İstanbul Büyükşehir Belediyesi, iş sağlığı ve güvenliği kültürünün yaygınlaşması amacıyla üniversitelerle yapmış olduğu iş birlikleri ve ortak eğitim çalışmalarına devam ediyor.

 

İstanbul Büyükşehir Belediyesi Sağlık Daire Başkanlığı İş Sağlığı ve Güvenliği Müdürlüğü, ülkemizde iş kazalarının önüne geçilmesi ve çalışma koşullarının daha sağlıklı hale getirilebilmesi amacıyla Gedik Üniversitesi ile ortaklaşa İş Sağlığı ve Güvenliği  Sempozyumu düzenledi.

İstanbul Büyükşehir Belediyesi tarafından üniversitelerle iş birliği dahilinde İBB İş Sağlığı ve Güvenliği Günleri adıyla 20.si gerçekleştirilen konferansa akademik dünyadan, öğrencilerden ve özel sektör profesyonellerinden  ilgi yoğundu.
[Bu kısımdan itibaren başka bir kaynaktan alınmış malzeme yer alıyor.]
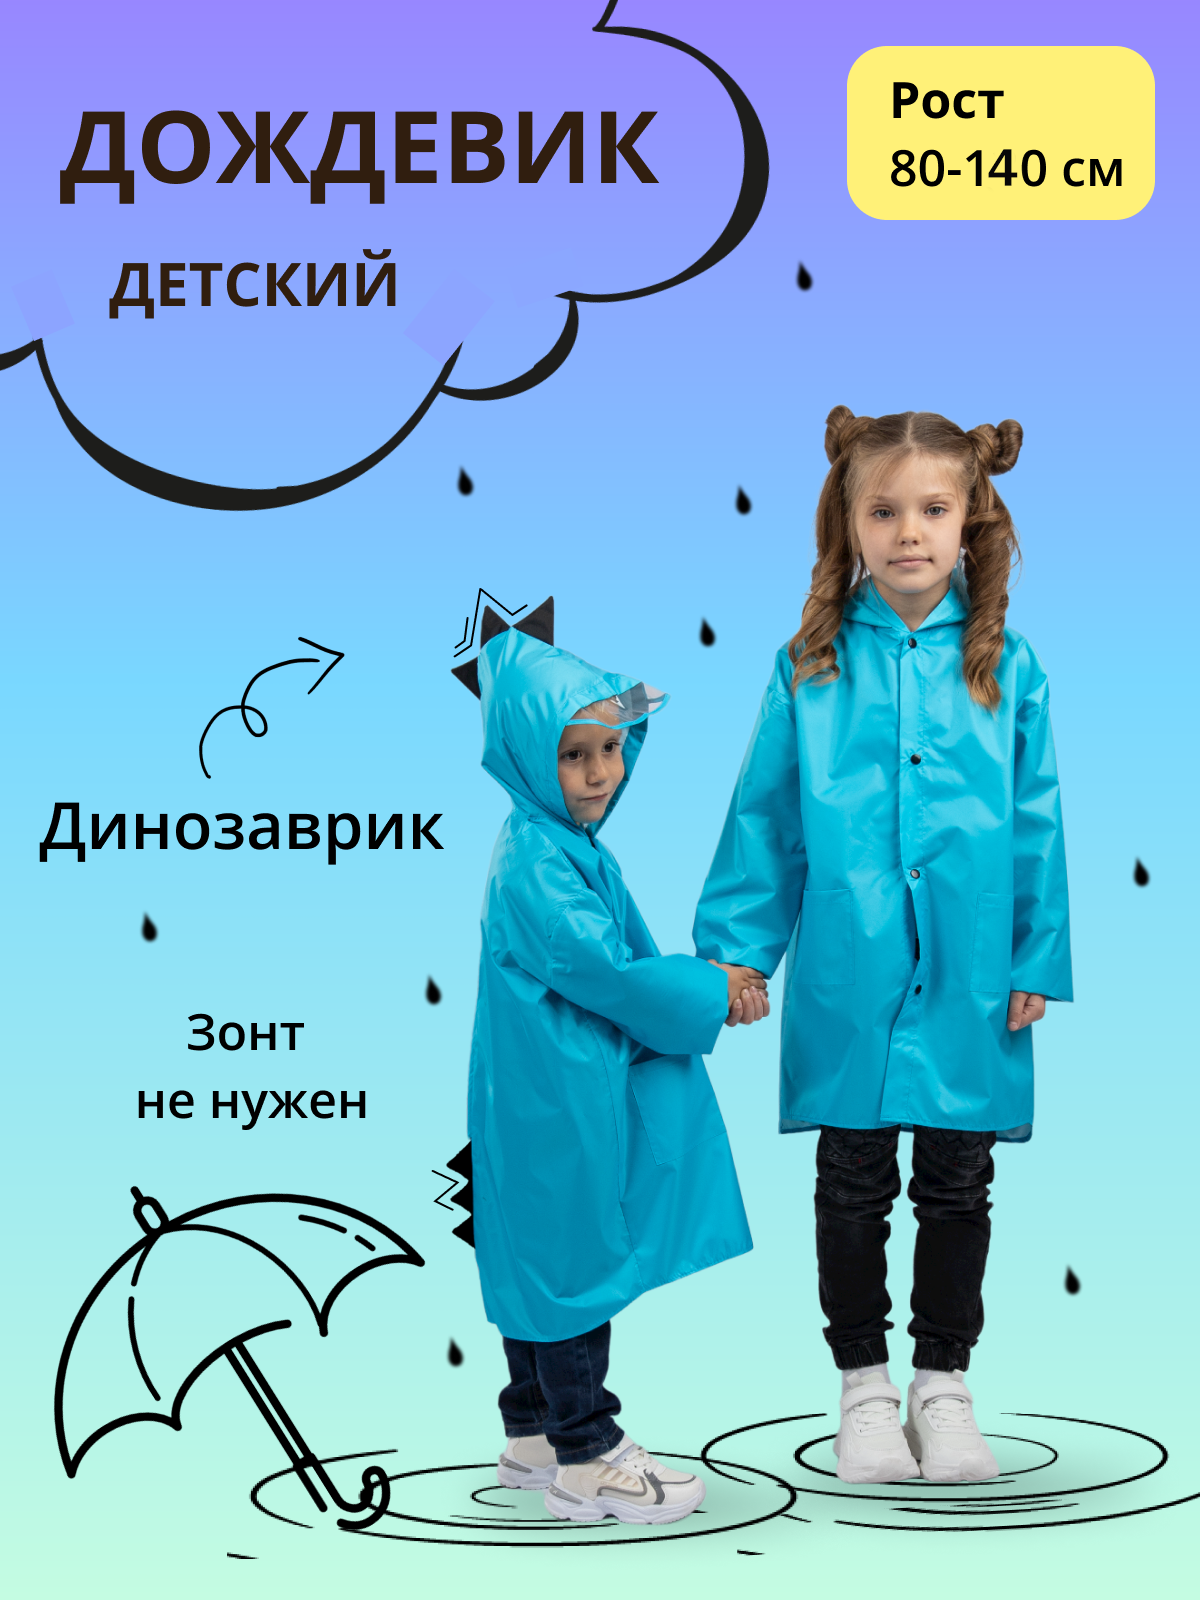 Дождевик детский Под дождем 122905588, голубой, 92
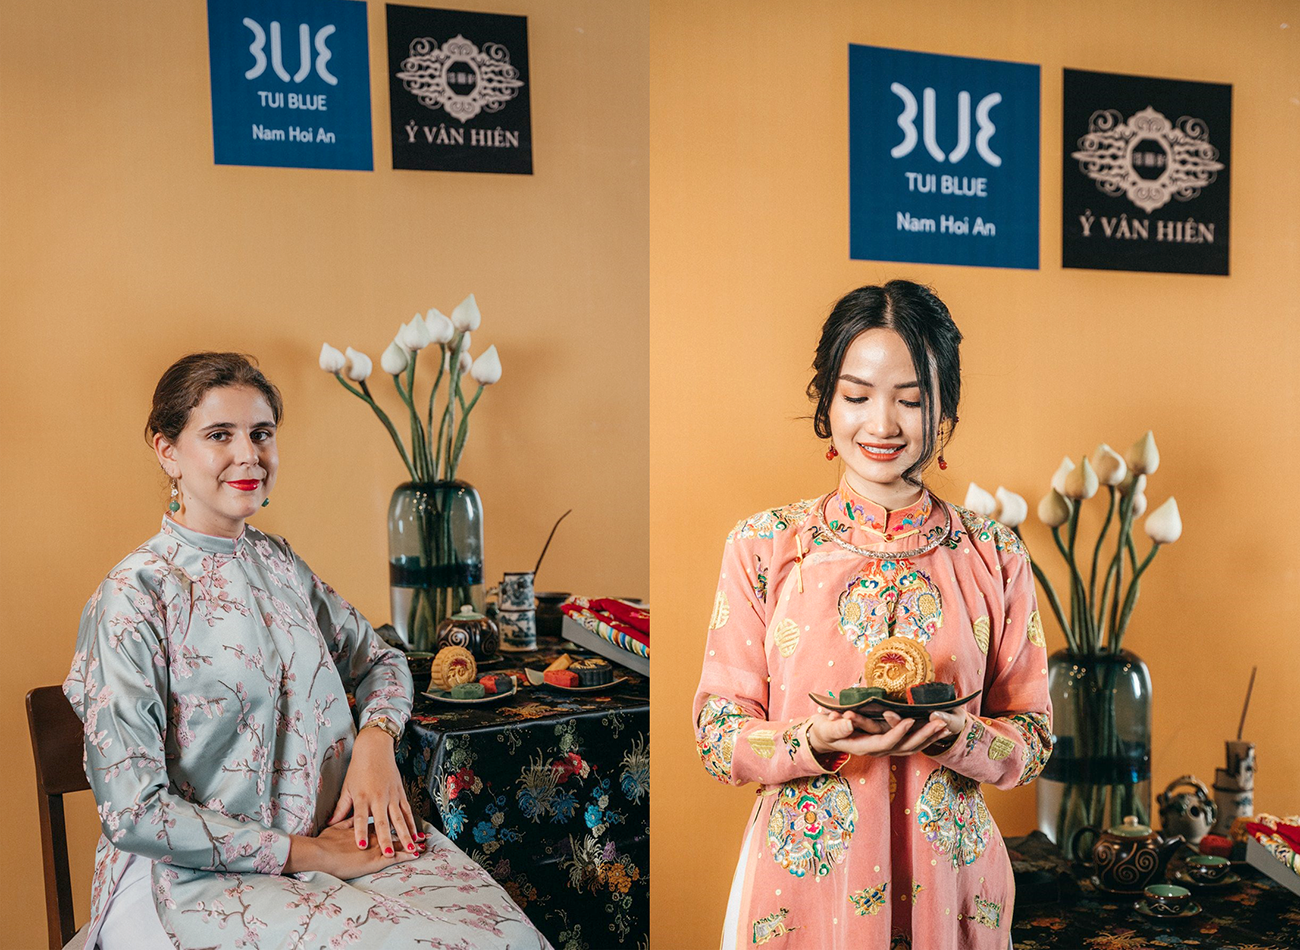 Chương trình văn hóa du lịch với chủ đề “Cổ phục Việt - nơi tương lai được kiến tạo từ quá khứ” năm 2020 chọn lụa Mã Châu cho những thiết kế truyền thống của mình. Ảnh: ĐINH TRÀ

Yaklaşık 500 katılımcının takip ettiği “İBB İş Sağlığı ve Güvenliği Günleri Sempozyumu”  İstanbul Gedik Üniversitesi Pendik Meslek Yüksekokulu yerleşkesinde tertip edildi.

4 Oturum şeklinde gerçekleştirilen sempozyumun açılış konuşmalarını  Gedik Üniversitesi Rektörü Prof. Dr. Zafer Utlu ile İstanbul Büyükşehir Belediyesi Sağlık Daire Başkanlığı İş Sağlığı ve Güvenliği Müdürü Süleyman Bakan gerçekleştirdi. Geniş bir kapsamda yapılan sempozyumda,  Endüstriyel makina ve Robotlarda İş Güvenliği ve Sağlığı, İş Sağlığı ve Güvenliği(İSG)’nde Yeni Teknolojiler ve İyi Uygulama Örnekleri, Kaçak Akım Roleleri ve İSG uygulamaları, Türkiye’de Akademik Çalışmalarda Yapılan Lisansüstü Tezlerinde Ele Alınan İSG Problemleri ve Çözüm Yaklaşımlarının Değerlendirilmesi, Davranış Odaklı Güvenlik Kültürü, Laboratuvarlarda İş Sağlığı ve Güvenliği, İSG Eğitimlerinde Yeni Yaklaşımlar, Çocuk ve Genç İşçilerin Çalışma Hayatındaki Farkındalıkları, Kuka Robotlar, Uzun Süreli Çalışmalarda İş Sağlığı ve Güvenliği, Özel Sektör İşbirliğinde İSG Eğitim Öğretim Örneği ile Halk Sağlığında Atık Toplayıcılarının Yeri başlıklarında konular ele alındı.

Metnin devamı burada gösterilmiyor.